I have a few friends who work at Silver Dollar City - they have a 2' gauge railroad (steam!) there, which is pretty dang cool. One of my friends is coming up here to shoot the 844 with me, the other just moved down there (starts work tomorrow) so he'll miss the trip but he'll be training this weekend, most likely. 

Have fun!


----------



## Mike Reilley (Jan 2, 2008)

Shad being interviewed....


----------



## markoles (Jan 2, 2008)

Shad,

I hope you had a great day yesterday! I can't even imagine what a rush it would be!! Tom's been trying to get me to sign up for steam operations in Poland, so that's probably the next best thing. 

Have fun!

Mark


----------



## Stan Cedarleaf (Jan 2, 2008)

Thanks for the updates, Shad.. Have a grand time...


----------



## Chris France (Jan 3, 2008)

Looks like you had a great time, I'm jealous.


----------



## Dwight Ennis (Jan 2, 2008)

Shad being interviewed....Neat Mikey - just wish there had been more or it.


----------



## Charles (Jan 2, 2008)

Posted By markoles on 01 Jun 2011 07:42 AM 
Shad,

I hope you had a great day yesterday! I can't even imagine what a rush it would be!! Tom's been trying to get me to sign up for steam operations in Poland, so that's probably the next best thing. 

Have fun!

Mark

Mark
"probably the next best thing...." it is the best offering available with coal fired operations, stations stops, commuter service and several locomotives to enhance the expereience; true hands on engineer and fireman experience.
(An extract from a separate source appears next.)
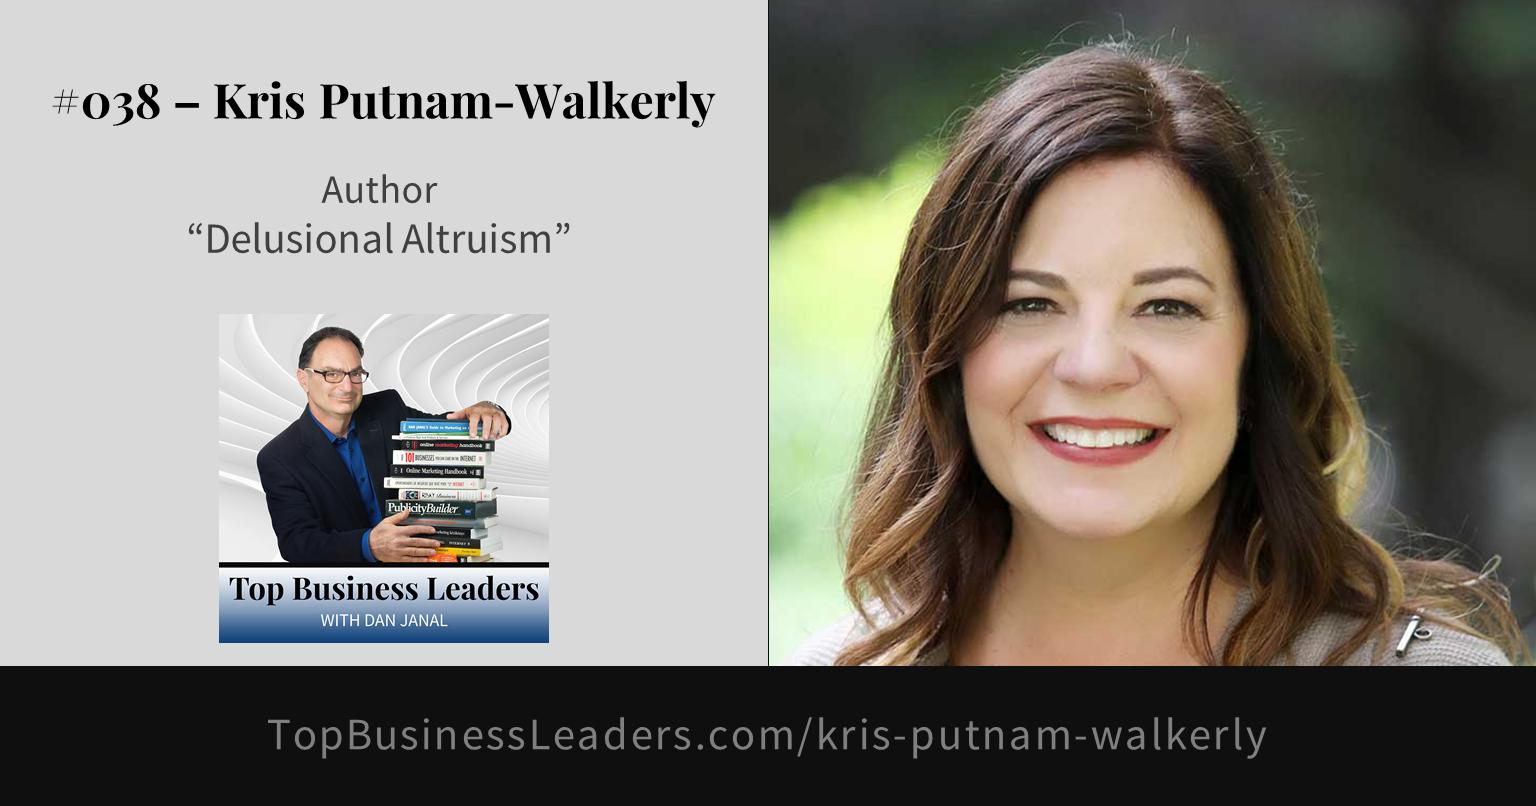 kris-putnam-walkerly-author-delusional-altruism

http://www.thewolsztynexperience.org/home.php


----------



## markoles (Jan 2, 2008)

Charles,

Right you are! I was in Poznan, one of the destinations of the Wolstyn trains, in January. I was going to stay the night in Wolstyn and experience the locomotives from one of the coaches on an early morning run. One problem, both locomotives were down, out of service. Oh well, next time.


----------



## ShadsTrains (Dec 27, 2007)

just wish there had been more or it. 

I got the plug for MLS in, what's more important?  He asked I think two other questions.. How it felt in the cab etc.. I think they will post more video later.. I ran into the crew last night in the hotel lobby. They were finally getting in.. I sat chatted with Ed, the engineer, for a few minutes.. He invited me to come up front again Thursday.. So naturally, I'll probably do that again...


----------



## Mike Reilley (Jan 2, 2008)

What was the Feather River like...did you eat there or just sit?


----------



## Jerry McColgan (Feb 8, 2008)

Hi Shad,

It is great that you won the trip. If you have the time I think you will find The St. Louis Museum of Transportation well worth the trip. For one thing they have one of the few surviving Big Boys.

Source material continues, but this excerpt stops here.